The tug of war between countries that want to expand the scope of IHR, and other countries and stakeholders who would rather keep the focus narrow, continued this week at the meeting of the working group for amending these rules.
This story brings you a wrap on some of the ongoing dynamics in these discussions. We spoke with numerous negotiators, civil society actors and other experts to put this together. See below, also an exclusive interview with Co-Chair of the Bureau, Ashley Bloomfield who shares his thoughts on the proceedings.
We describe both process matters in the negotiations this week, and a few substantive provisions that were discussed this week.
We present this story, in continuation with our earlier update this week, Developing Countries Seek to Retain Equity Provisions in the Amendments to the IHR [WGIHR7 Update]
As with all negotiations process determines outcomes. We discuss the process that shaped discussions this week, and what this process means for the treatment of certain provisions going forward.
ON NEGOTIATING PROCESS: SOME COUNTRIES SEEK MODIFICATIONS
Many countries we spoke with, largely agreed with the way the Bureau conducted these discussions calling it “efficient”, at the same time referring to the process as being difficult. A few diplomats told us that in some cases previously submitted proposals from certain developing countries were not treated or discussed adequately.
Mostly, there has been a perception of fairness between countries, that they are heard by the Bureau. But there have also been concerns that the secretariat has in some instances not reflected the interests of the countries - their original proposals for amendments were sometimes not captured, diplomats said. It appears that some important suggestions were lost in translation so to speak – between the secretariat and the bureau - causing confusion on the status of some of the proposals made by countries, sources indicated.

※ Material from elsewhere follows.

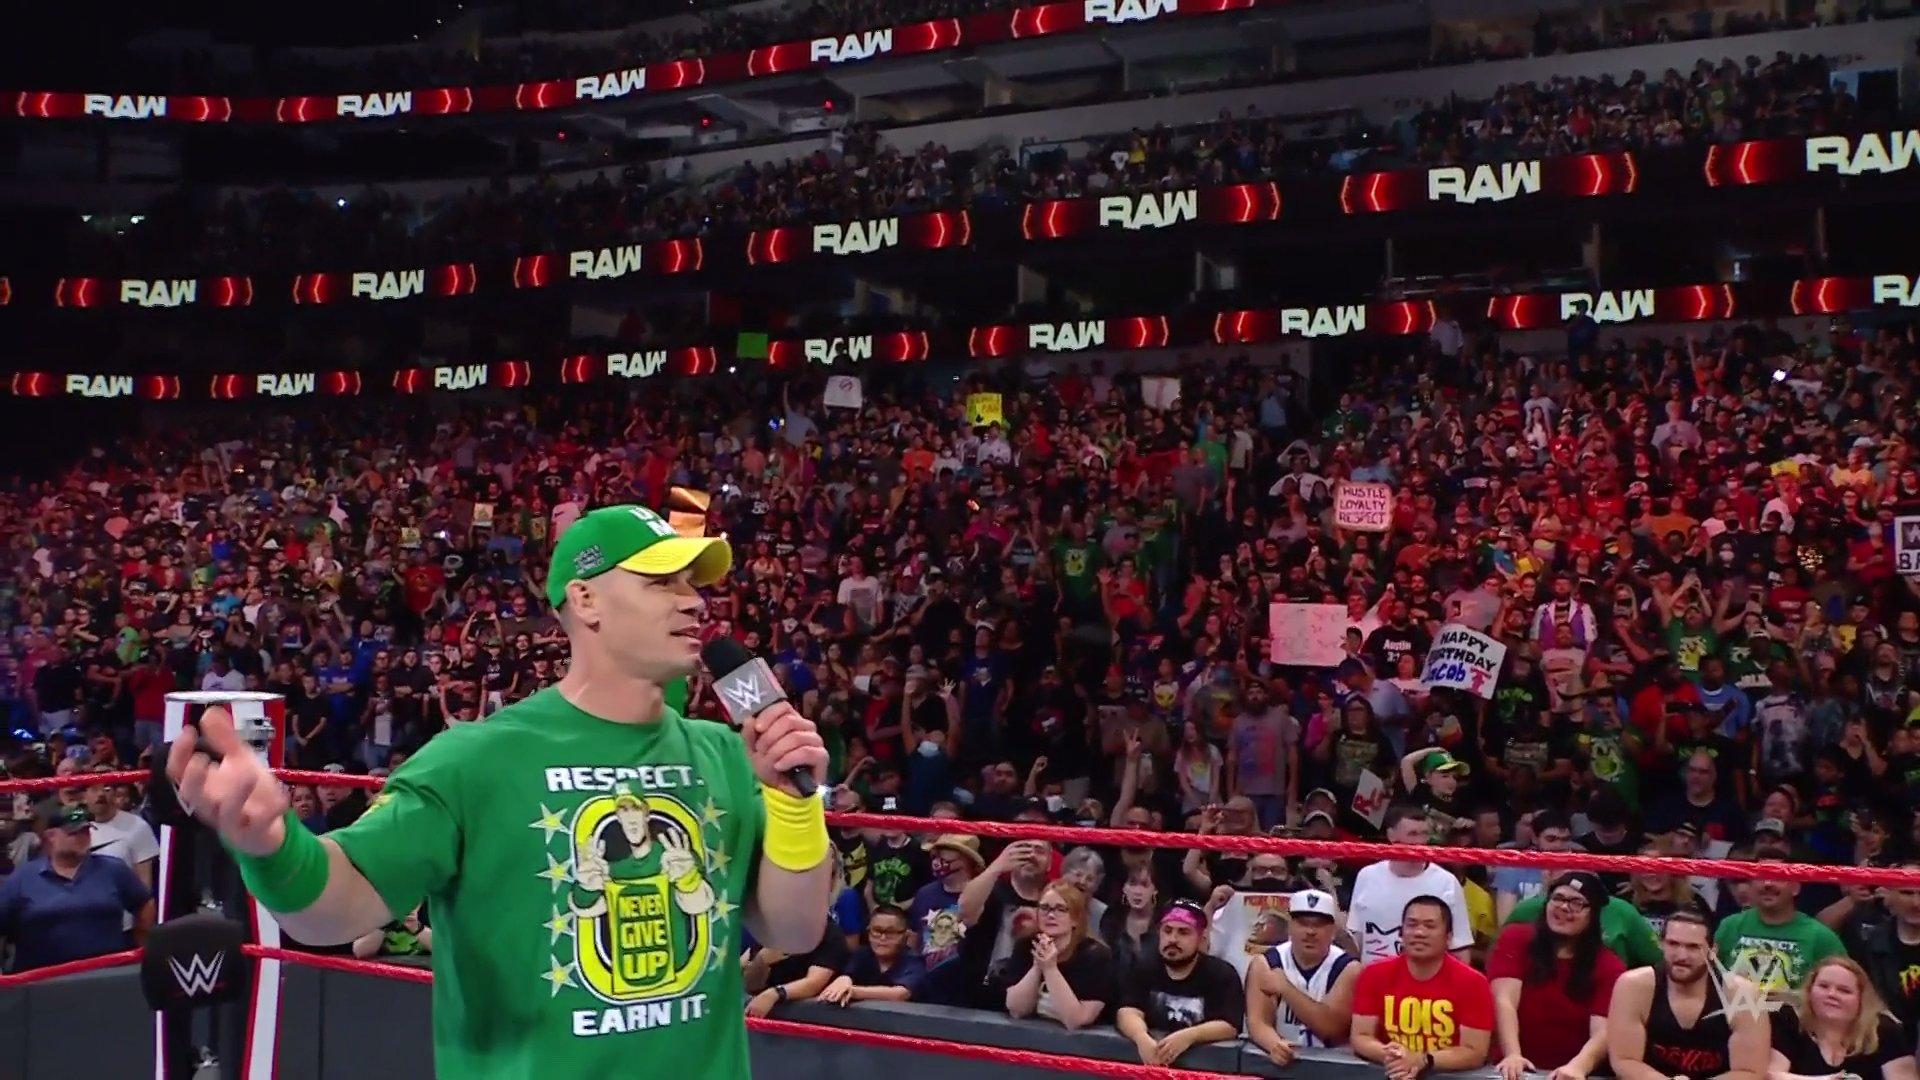 WWE SummerSlam 2021: John Cena And Goldberg Issue Title Match Challenges 1

Observers familiar with these processes told us, that at WHO, it is the secretariat that usually works on proposals for consideration by member-states driven bureaus.
The approach used by the Bureau has been to come up with text based on the proposals for amendments by countries, and informed by the considerations of the secretariat given their experience in implementing these rules. (See WHO’s emergencies lead Mike Ryan’s statements in an earlier story)

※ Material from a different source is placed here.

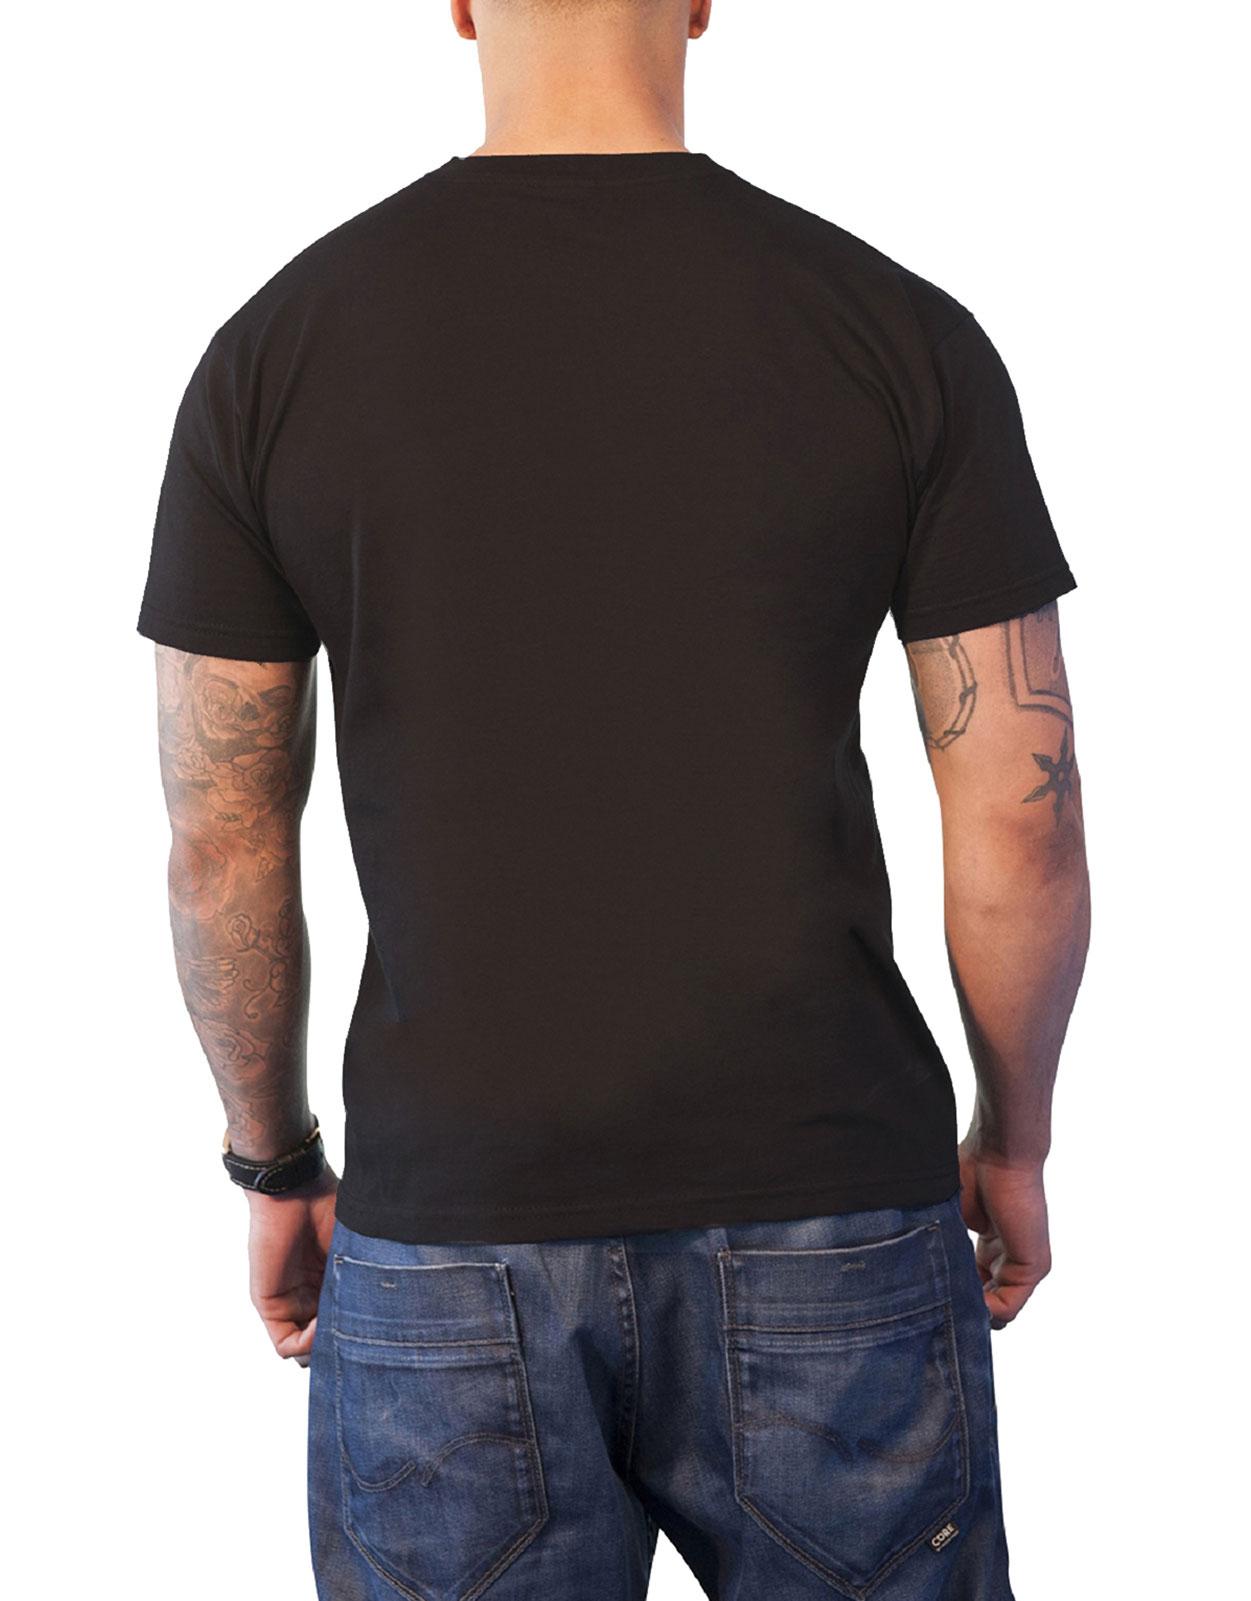 Camiseta-Last-Jedi-De-Star-Wars-Movie-Poster-porgs-Guardia-pretoriana-oficial-para-hombre miniatura 9
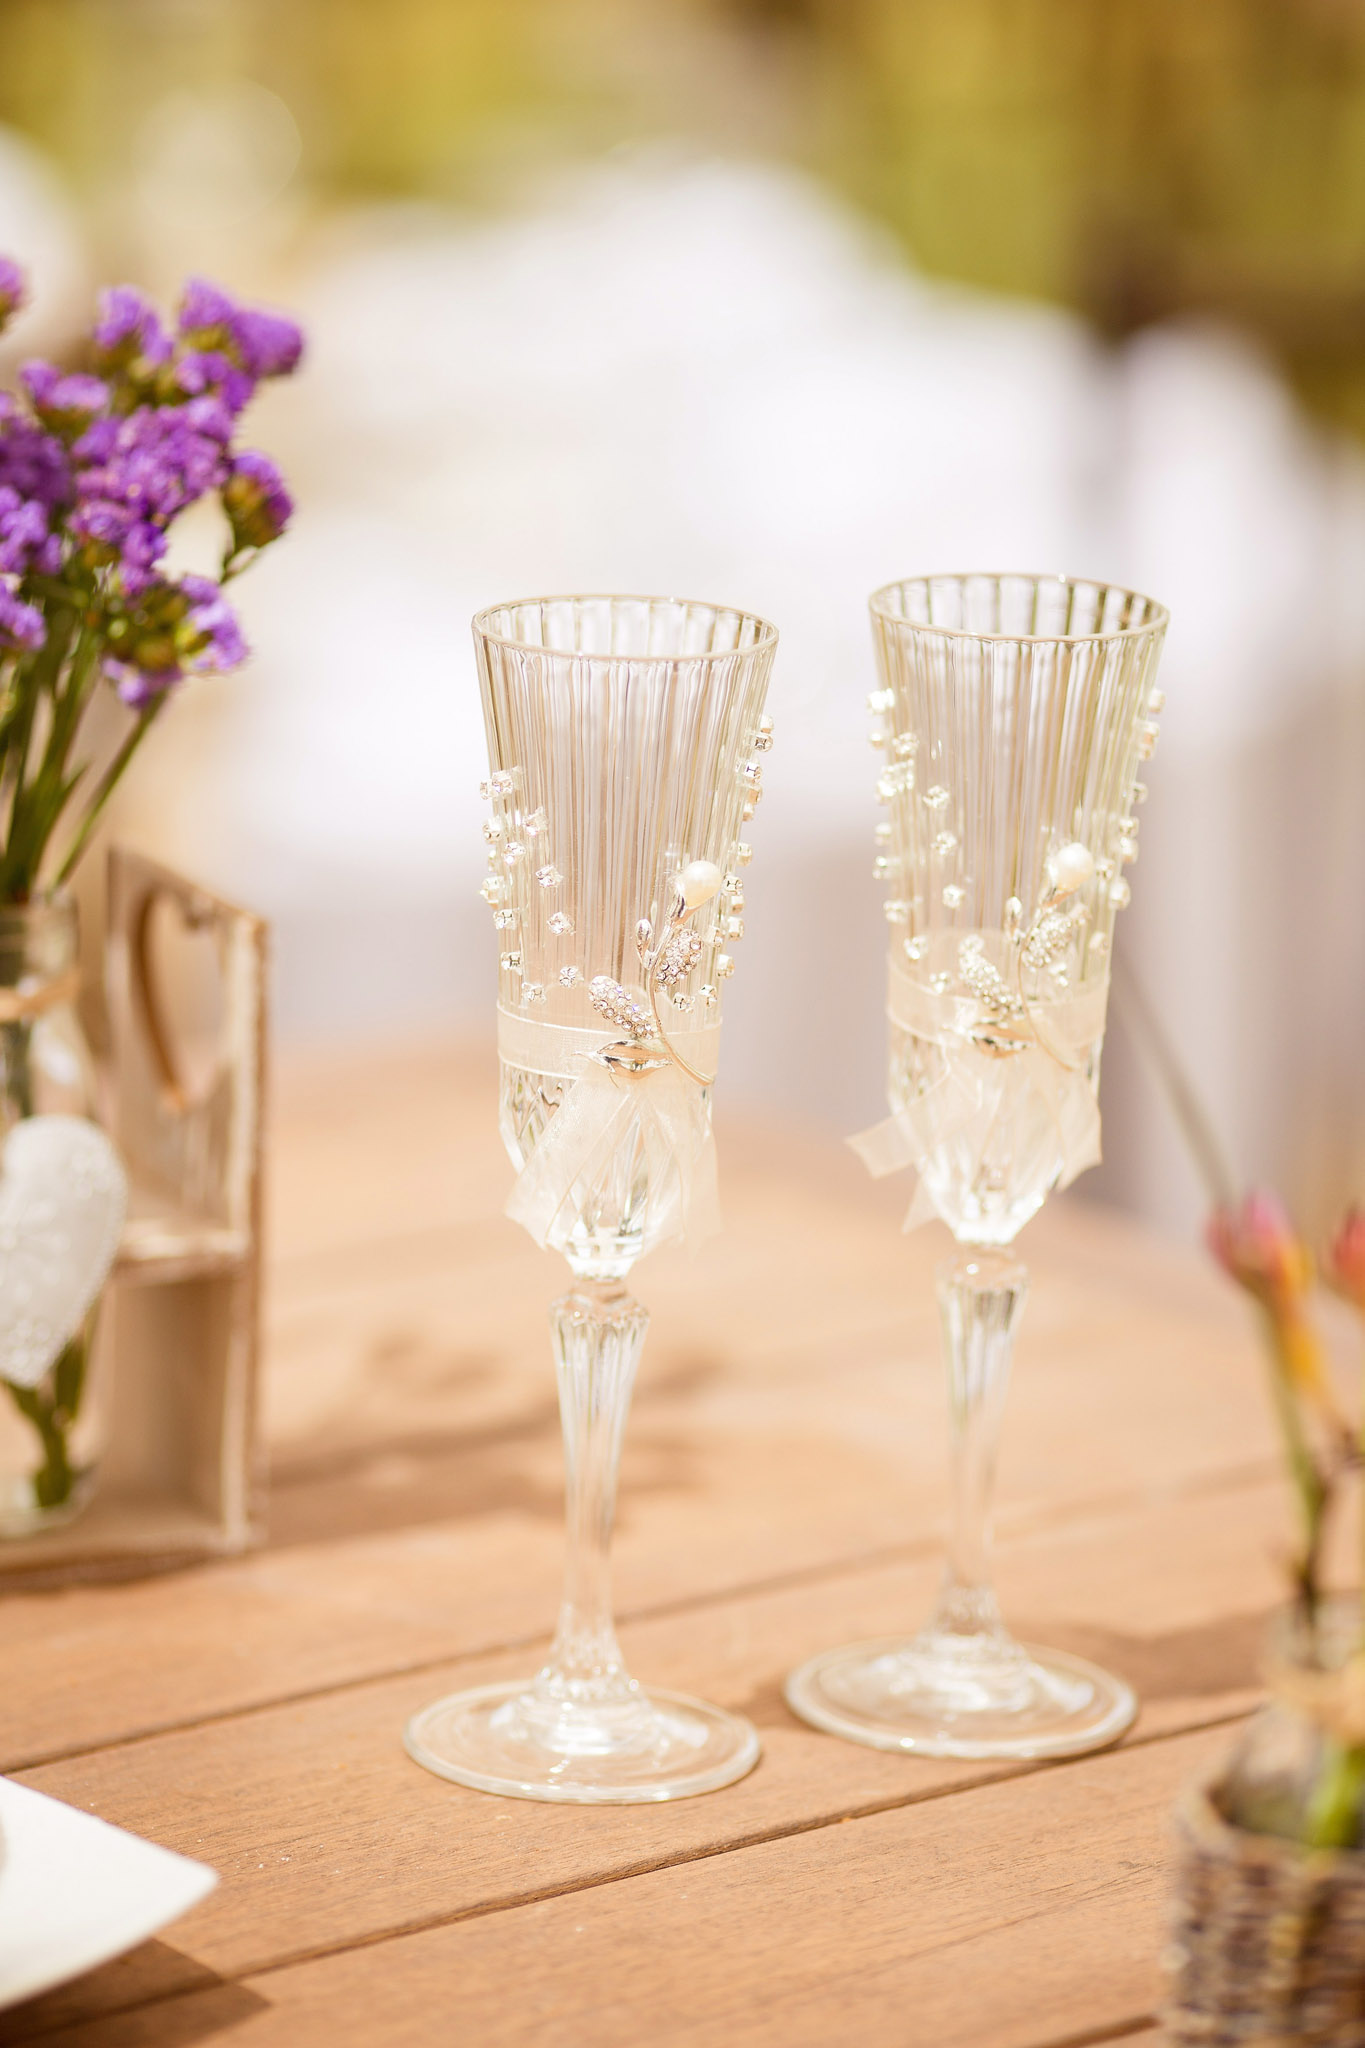 Wedding-Travellers-Destination-Wedding-Peru-Cusco-Hacienda-Sarapampa-Sacred-Valley-champagne-glasses-flutes

In an exclusive interview with us, Co-Chair Bloomfield explained how the proposals are made: “It is in fact, largely driven by the Secretariat’s understanding of the implementation of the regulations and, of course, of the legal elements behind them. Secondly, it is also, of course, looking at what our previous discussions entailed, so whether we had support, what feedback there had been, so it's a mix of the two. Then as a Bureau, we are trying to synthesise and come down the middle and say, well, this is what the Member States have said, and this is what the Secretariat experiences. And on some of the matters, you have the secretariat, and so it might be different from the Bureau's, but we are placing, making sure that placing appropriate weight on what we do.”
Some countries are keen to have to a greater say on the process of drafting – suggesting that a negotiating text as determined by countries must be reflected “on screen”, as opposed to text suggested by the Bureau.
“The WGIHR has had an easier task simply because countries already have a text to go back to (unlike the INB process for a new pandemic agreement that started from a scratch). The Bureau has also shown wisdom and judgement in consulting with proponents of amendments, using direction from the secretariat, and having an overall ownership of the process,” a developing country negotiator told us this week.
Sources told us that some countries are of the view that the Bureau may have been too prescriptive and therefore sought more latitude to strike deals and make decisions on trade-offs between member states, as the negotiations draw to a close in the coming weeks. “The time now is for finding convergence on existing discussions,” a diplomat said.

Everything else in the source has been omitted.